2 Tight Bounds for Noise Eigenvalue Distributions

In this section, we analyze the asymptotical distribution of the ratio of extreme eigenvalues of a sample covariance matrix based on the limiting RTM law. Then a tight bound is derived.

2.1 Eigenvalue Subspaces of Sample Covariance Matrix

We consider the sparse approximation of each observed sample $ {\mathbf{y}}_{i} \in {\mathbb{R}}^{N} $ with $ s $ prototype atoms selected from learned dictionary $ {\mathbf{D}} $. With respect to the sparse model (1), we aim at estimating the noise level $ \sigma_{n}^{2} $ for an elementary trained dictionary $ {\mathbf{D}}_{s} $ containing a subset of the atoms $ \{ {\mathbf{d}}_{i} \}_{i = 1}^{s} $. Note that $ {\mathbf{D}}_{s} = {\mathbf{D}}_{S}^{0} + {\mathbf{w}}_{S} $, where $ {\mathbf{D}}_{S}^{0} $ denotes original dictionary and $ {\mathbf{w}}_{S} $ is the additive Gaussian noise.

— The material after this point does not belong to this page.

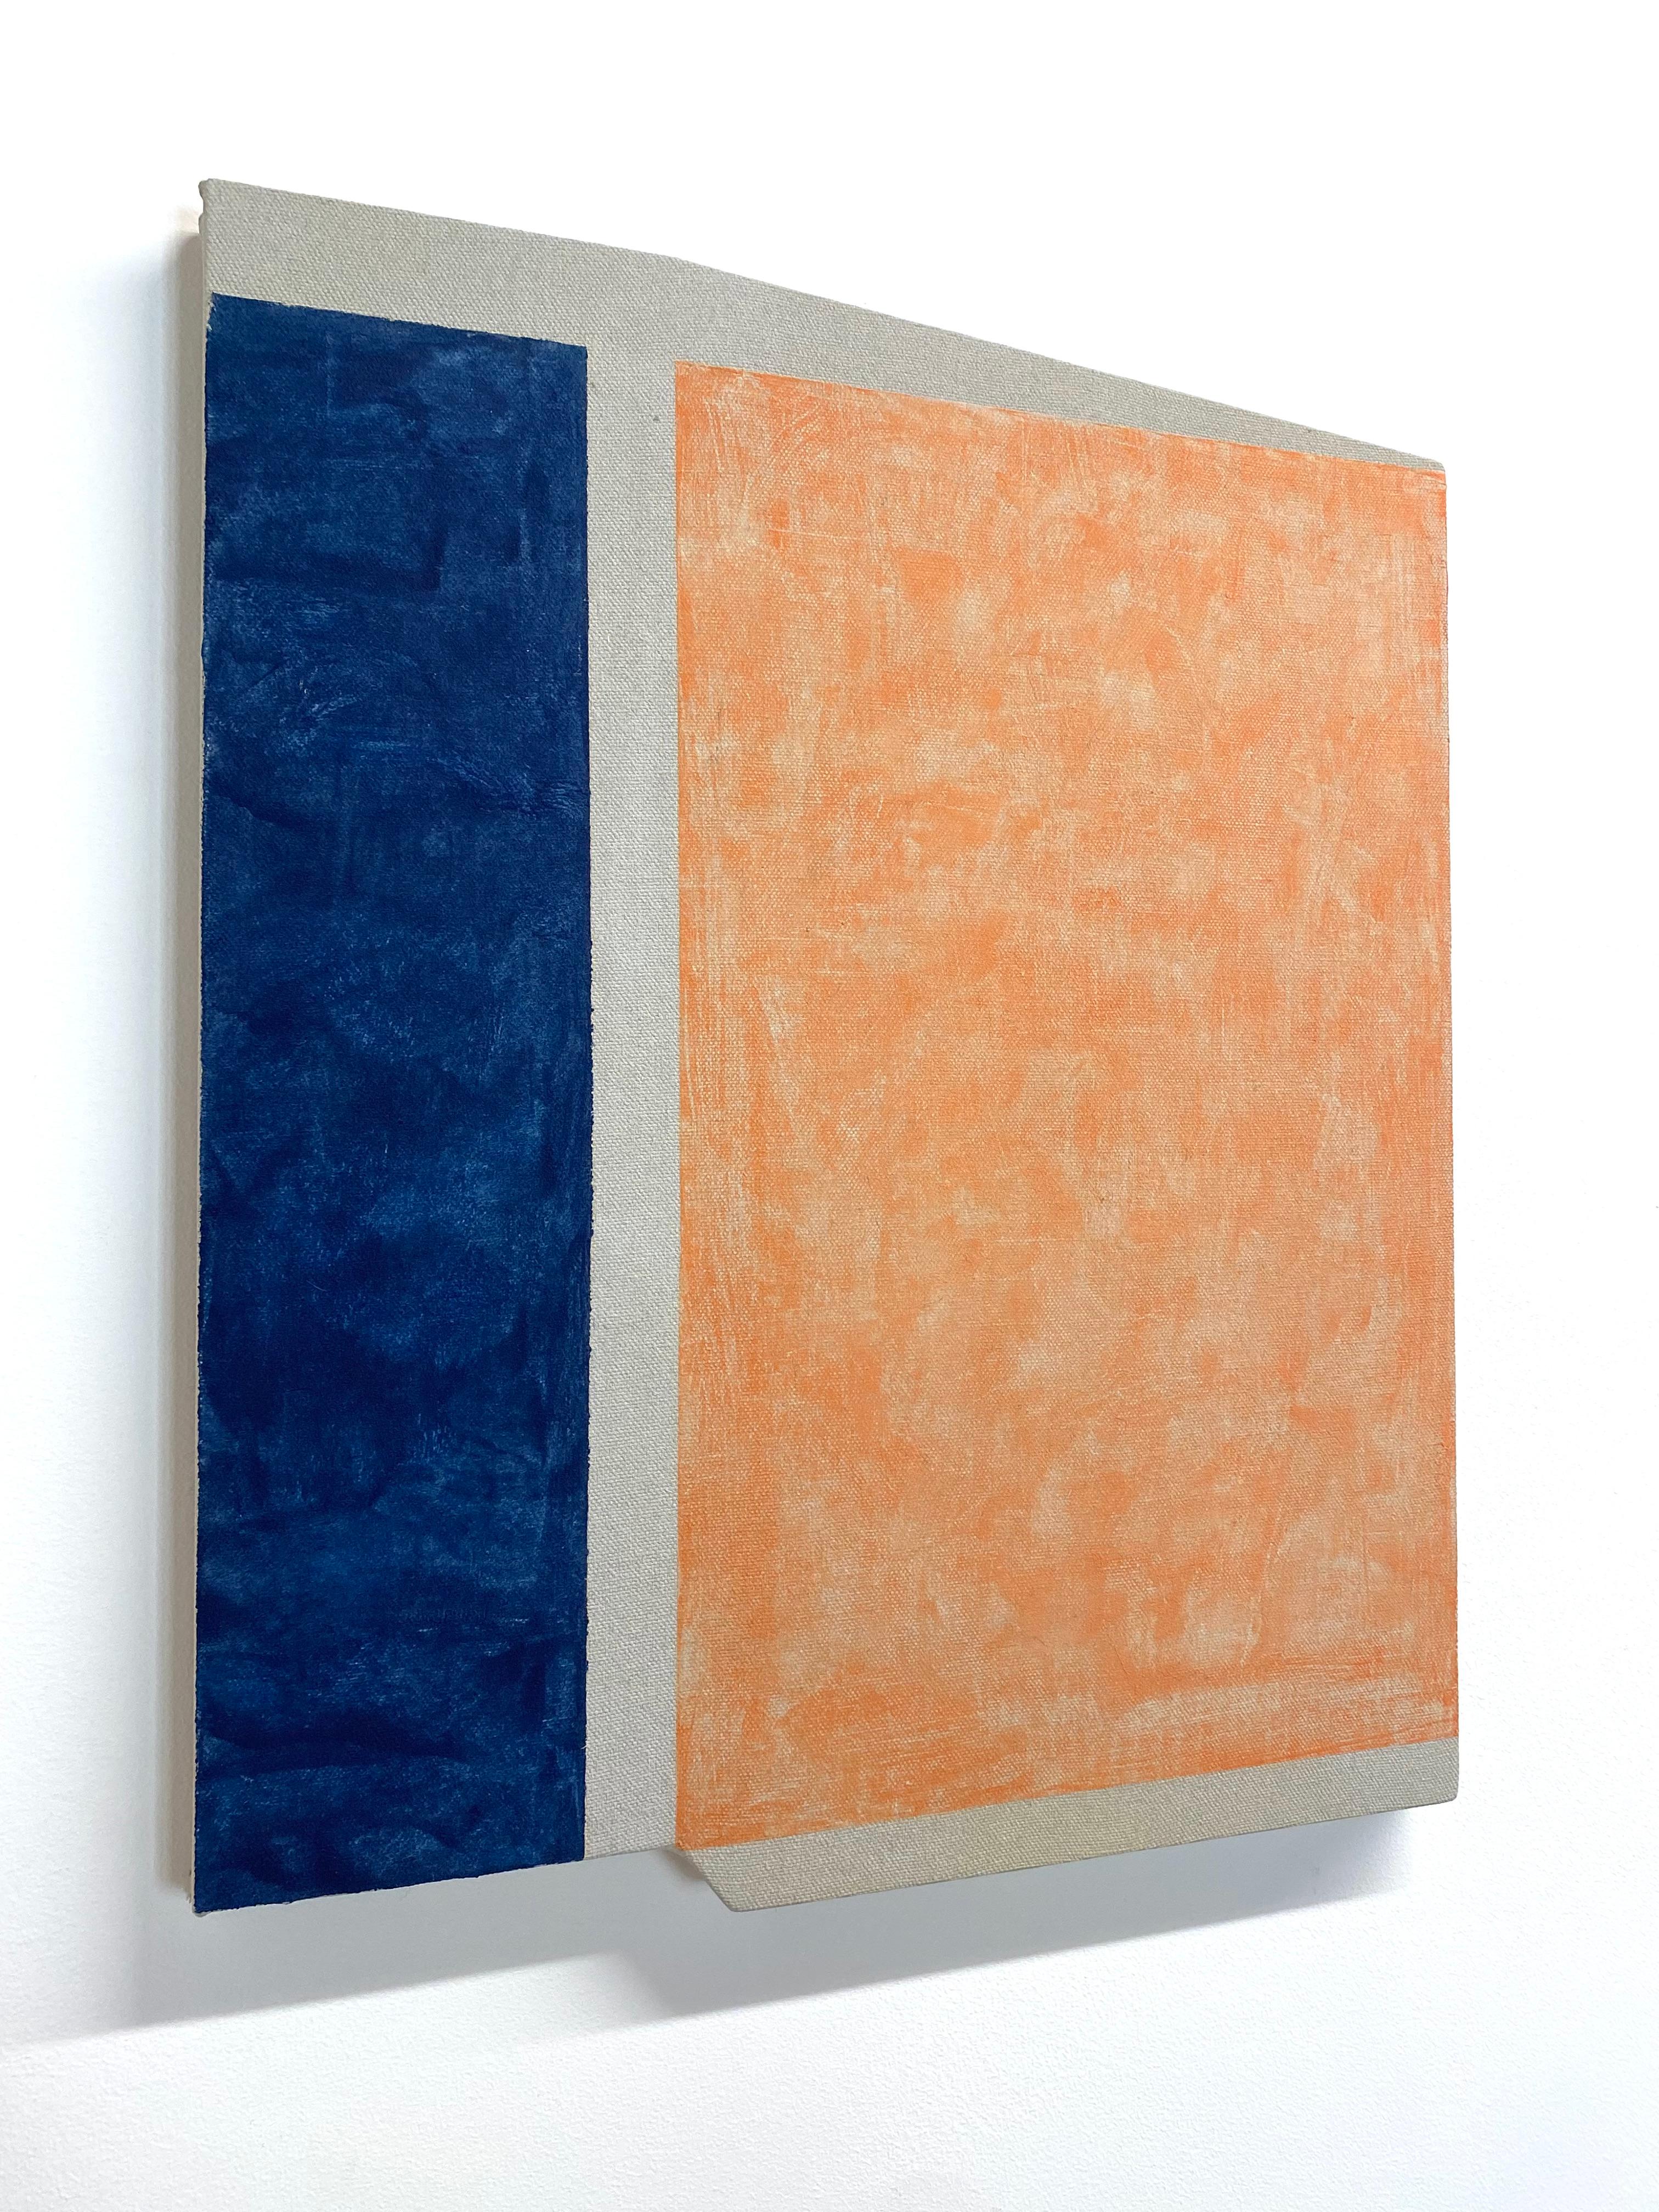 F30, Apricot Orange, Dark Lapis Blue, Geometric Abstract Shaped Panel Painting For Sale 6

At each iterative step, the noise level $ \sigma_{n}^{2} $ goes gradually to zero when updating towards true dictionary $ {\mathbf{D}}_{S}^{0} $ [14]. The known noise variance is helpful to avoid noise incursion and determine the sample size, the sparsity degree and even the performance of the true underlying dictionary [15]. To derive the relationship between the eigenvalues and noise level, we first construct the sample covariance matrix of dictionary $ {\mathbf{D}}_{s} $ as follows:

$$ \varSigma_{S} = \frac{1}{s - 1}\sum\limits_{i = 1}^{s} {({\mathbf{d}}_{i} - \overline{{\mathbf{d}}} )} ({\mathbf{d}}_{i} - \overline{{\mathbf{d}}} )^{\text{T} } ,{\kern 1pt} {\kern 1pt} {\kern 1pt} {\kern 1pt} {\kern 1pt} {\kern 1pt} {\kern 1pt} {\kern 1pt} {\kern 1pt} \overline{{\mathbf{d}}} = \frac{1}{s}\sum\limits_{i = 1}^{s} {{\mathbf{d}}_{i} } $$

(2)

According to (2), the square matrix $ \sum_{s} $ has $ N $ dimensions with the sparse condition $ N \gg s $. Based on the symmetric property, this matrix is decomposed into the product of three matrices: an orthogonal matrix $ {\mathbf{U}} $, a diagonal matrix and a transpose matrix $ {\mathbf{U}}^{T} $, which can be selected by satisfying $ {\mathbf{U}}^{T} {\mathbf{U}} = {\mathbf{I}} $. Here, this transform process is written as:

$$ {\mathbf{U}}^{\text{T} }\Sigma _{S} {\mathbf{U = diag}}(\lambda_{1} , \ldots ,\lambda_{m} ,\lambda_{m + 1} , \ldots ,\lambda_{N} ) $$

(3)

Given $ \lambda_{1} \ge \lambda_{2} \ge \ldots \ge \lambda_{N} $, we exploit the eigenvalue subspaces to enable the separation of atoms from noise. To be more specific, we divide the eigenvalues into two sets $ {\mathbf{S}} = {\mathbf{S}}_{1} \cup {\mathbf{S}}_{2} $ by finding the appropriate bound in a spiked population model [16]. Most structures of an atom lie in low-dimension subspace and thus the leading eigenvalues in set $ {\mathbf{S}}_{1} = \left\{ {\lambda_{i} } \right\}_{i = 1}^{m} $ are mainly contributed by atom itself. The redundant-dimension subspace $ {\mathbf{S}}_{2} = \left\{ {\lambda_{i} } \right\}_{i = m + 1}^{N} $ is dominated by the noise. Because the atoms contribute very little to this later portion, we take all the eigenvalues of $ {\mathbf{S}}_{2} $ into consideration to estimate the noise variance while eliminating the influence of trained atoms. Moreover, the random variables $ \left\{ {\lambda_{i} } \right\}_{i = m + 1}^{N} $ can be considered as the eigenvalues of pure noise covariance matrix $ \Sigma _{{\mathbf{w}}} $, whose dimensions are $ N $.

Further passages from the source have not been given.